Image courtesy of Hello Emerson

Artist – Hello Emerson
Album / Label – How To Cook Everything / Anyway Records/K&F Records
Rating – 7 / 10

Hello Emerson have come a long way in the two and a half years since their debut LP Above The Floorboards was released. The band was scooped up by German label K&F Records, featured in countless publications and gained a massive following across the globe. In fact, the band spent a month overseas in 2018 and is playing a handful of dates on the European continent to promote their newest record, How to Cook Everything (release date: January 24, 2020)

The band’s namesake, Sam Emerson Bodary explains the record’s title, “The record is named after my favorite cookbook, Mark Bittman’s ‘How to Cook Everything.’ Over the past five years, I’ve been learning to cook a bit better. It’s been a reminder that growth and progress are inelegant, sometimes leaving us with small burns or inedible meals. But, if we can move through those missteps, we can improve day-to-day life in small ways for ourselves and others.”

Interestingly, the band shared a live video on social media several months ago, where singer Bodary was in a kitchen, starting the oven and heating up a kettle. The video was entirely unremarkable and had absolutely no dialogue, but went on for several minutes before ending abruptly. It was enough to reignite the conversation about the band, as I both saw and heard countless people online and in cafés wondering what Hello Emerson’s next move would be.
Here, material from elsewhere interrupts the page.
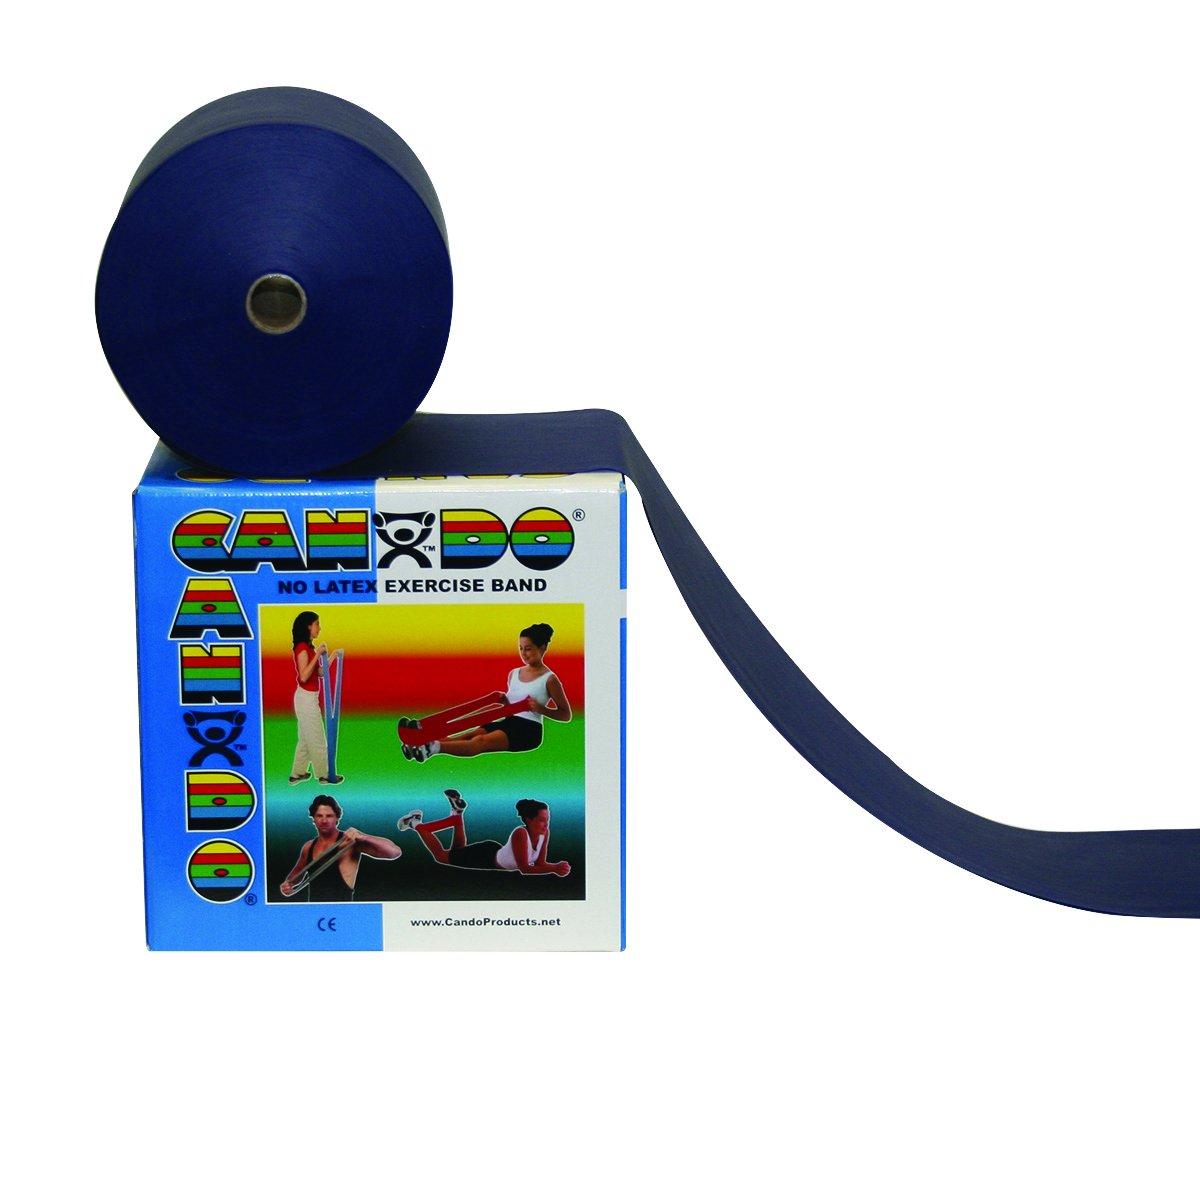 CanDo 10-5604 Latex Free Exercise Band, 4' Length, Blue-Heavy

The core members of the group remain the same – Bodary, Jack Doran, and Daniel Seibert. The list of collaborators for this record is equally massive. You’ll remember that their Columbus release show featured a rotating ensemble of 13 different people taking the stage at Rumba Café. There are plenty of familiar faces and voices, but there are also some new elements that will bring even more attention to the Emerson revolution.

First up is The Last Dinner, which immediately sets a somber tone as Bodary sings “we’re picking out my outfit, so we look good when we end it.” Those day-to-day life improvements can be felt in Bodary’s voice here. He’s a few years older, a little more seasoned, and ready to tackle just about any topic that comes to his mind. The song seems to touch on the loss of love, and is a gentle beginning to remind you of the Hello Emerson you knew once before.

Edges and Corners feels more like an actual love song, with a driving snare and metronome click pushing it forward along with Doran’s piano. You can hear the hum of a clarinet and the twinkle of a mandolin as the song goes forward. The lyrics seem to be introspective and highly cerebral… “I bought a real alarm clock so you know, I want you more than I want my phone” made me chuckle, in a good way.

Dancing in the Kitchen slows things down a little but seems to speak again of love as the instruments build around Bodary’s voice. I can just imagine a group of dancers on a ballroom floor, swaying rhythmically to the jazzier feel. You can’t help but walk away feeling good after listening to the line “Each night, she’d pour out a half-glass of wine for dancing in the kitchen. And she glides, wool socks on the laminate tile – she’s dancing in the kitchen.”

Quite unexpectedly, there’s an explosion of horns and a dramatic tempo shift on We Lost. It certainly caught me off guard when a host of voices belted out “Goddamn blood bath!” on this one. It’s a wild song that has to be appreciated for itself before you can truly capture what it means to the record. It’s a tough one to stomach after the acoustic guitars and soft strings.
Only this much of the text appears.